━━ The data ━━

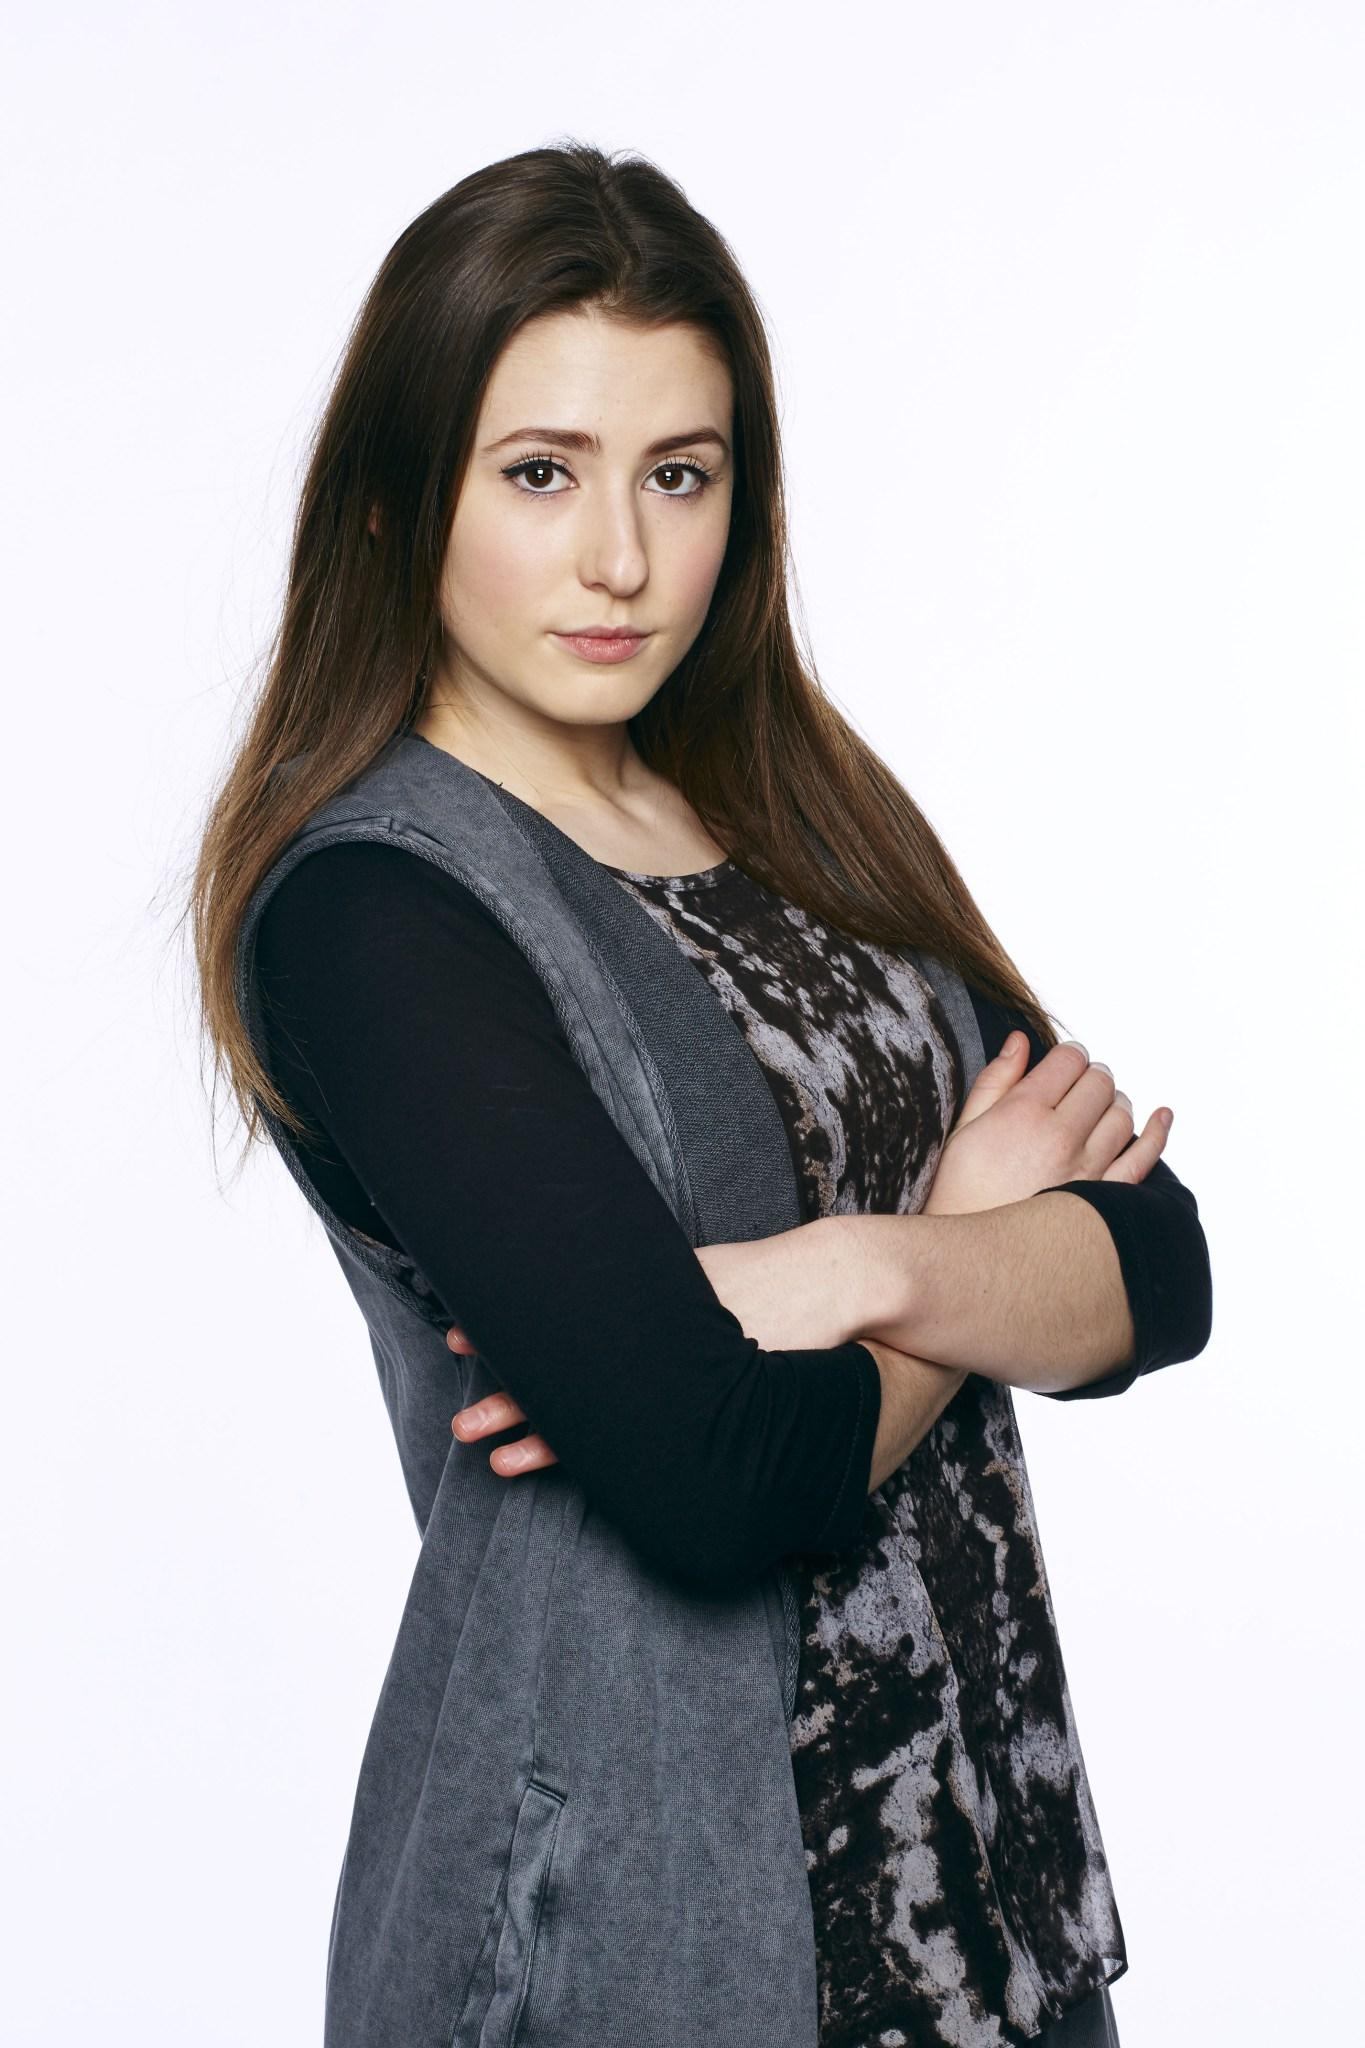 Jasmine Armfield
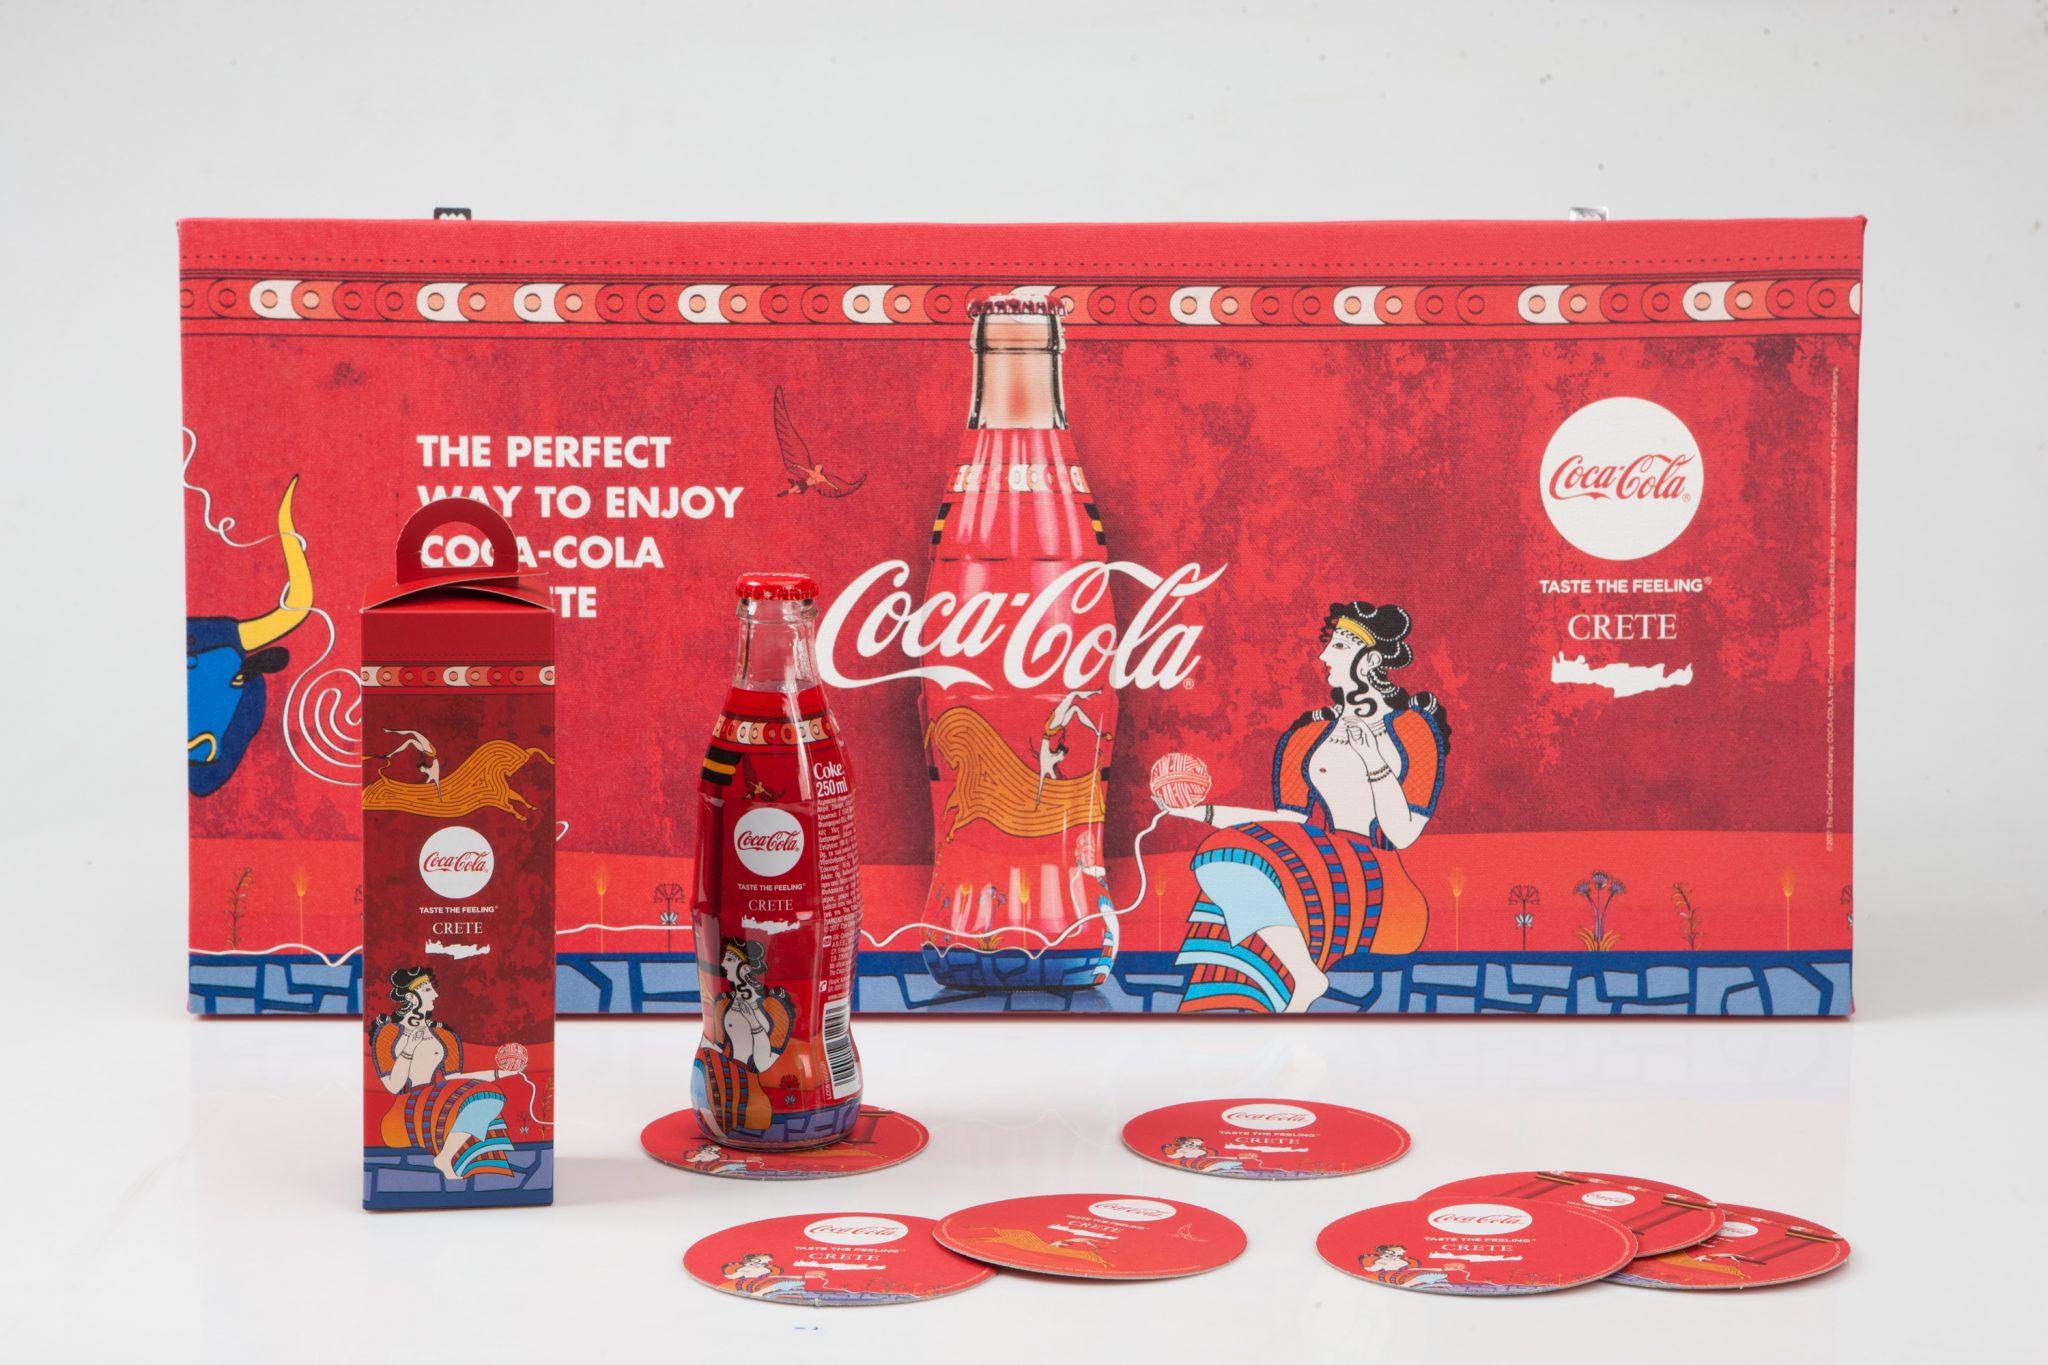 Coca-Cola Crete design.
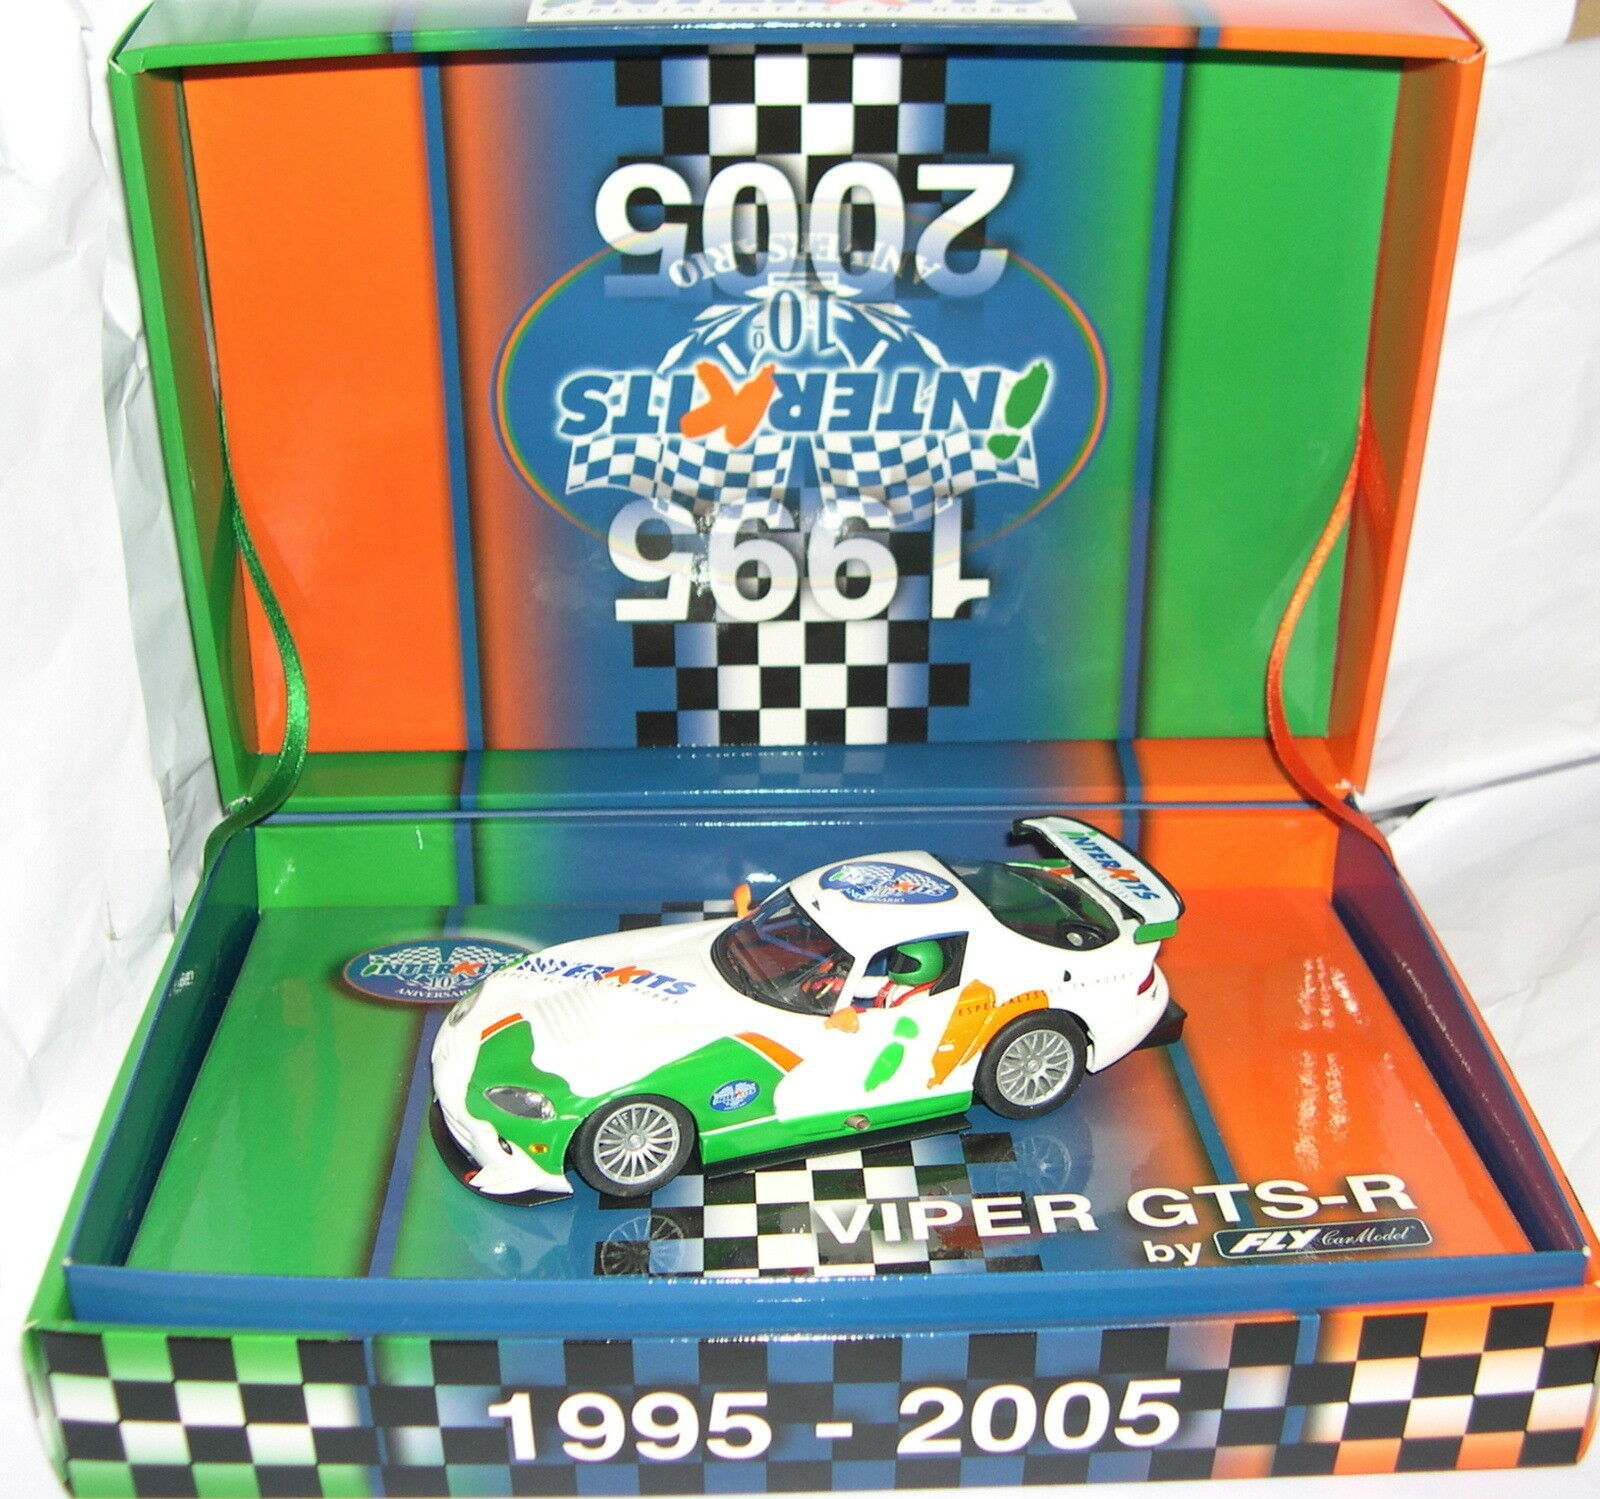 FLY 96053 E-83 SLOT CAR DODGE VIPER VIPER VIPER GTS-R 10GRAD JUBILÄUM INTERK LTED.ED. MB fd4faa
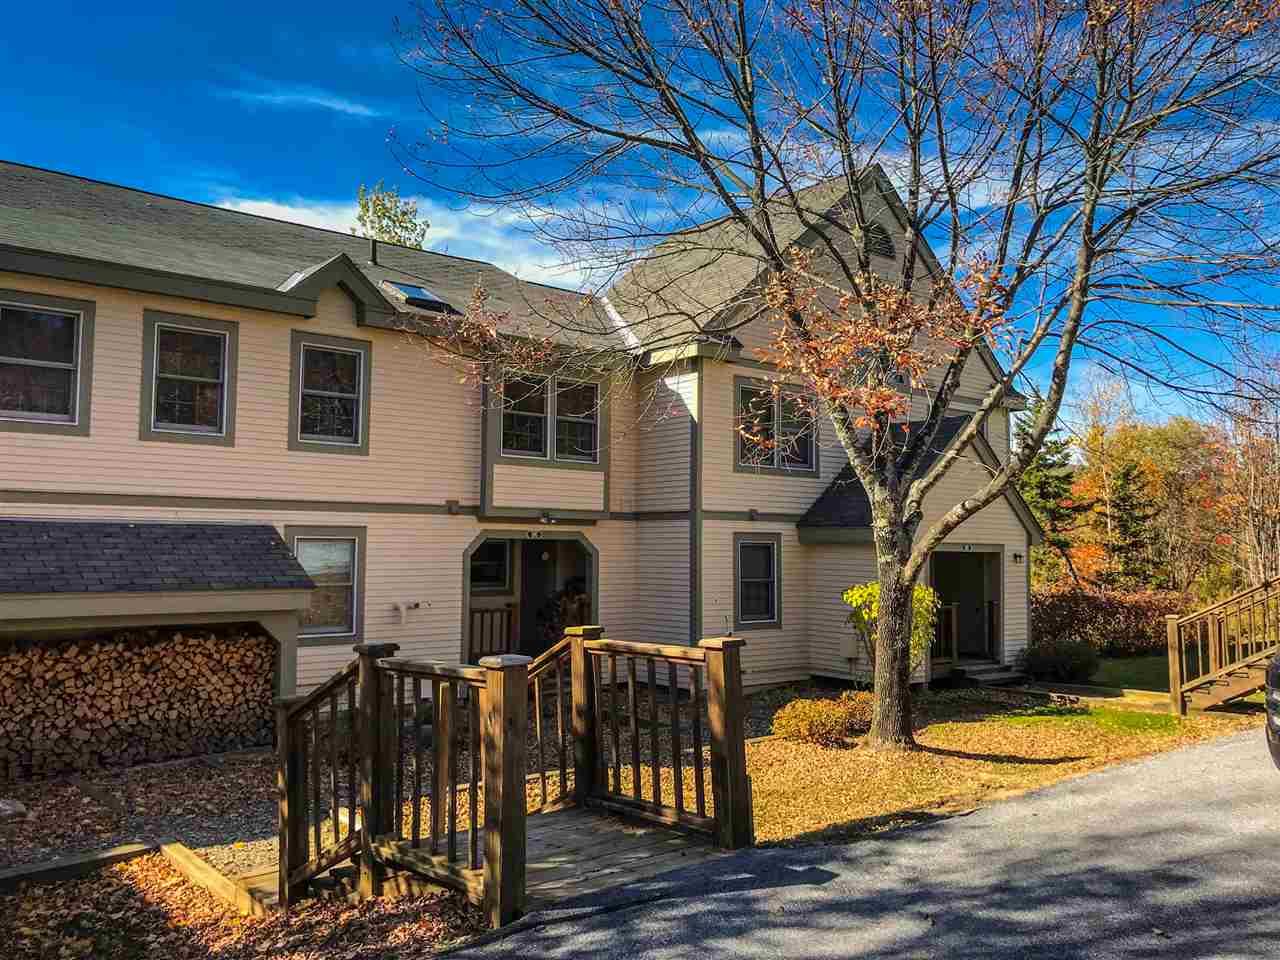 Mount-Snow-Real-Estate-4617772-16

━━━

[What needs to be done] Write out the line that contains "FLY 96053 E-83" and every line after it to the end of the data, exactly as they stand. Omit the pictures.

[Response to the exercise]
 FLY 96053 E-83 SLOT CAR DODGE VIPER VIPER VIPER GTS-R 10GRAD JUBILÄUM INTERK LTED.ED. MB fd4faa
 Mount-Snow-Real-Estate-4617772-16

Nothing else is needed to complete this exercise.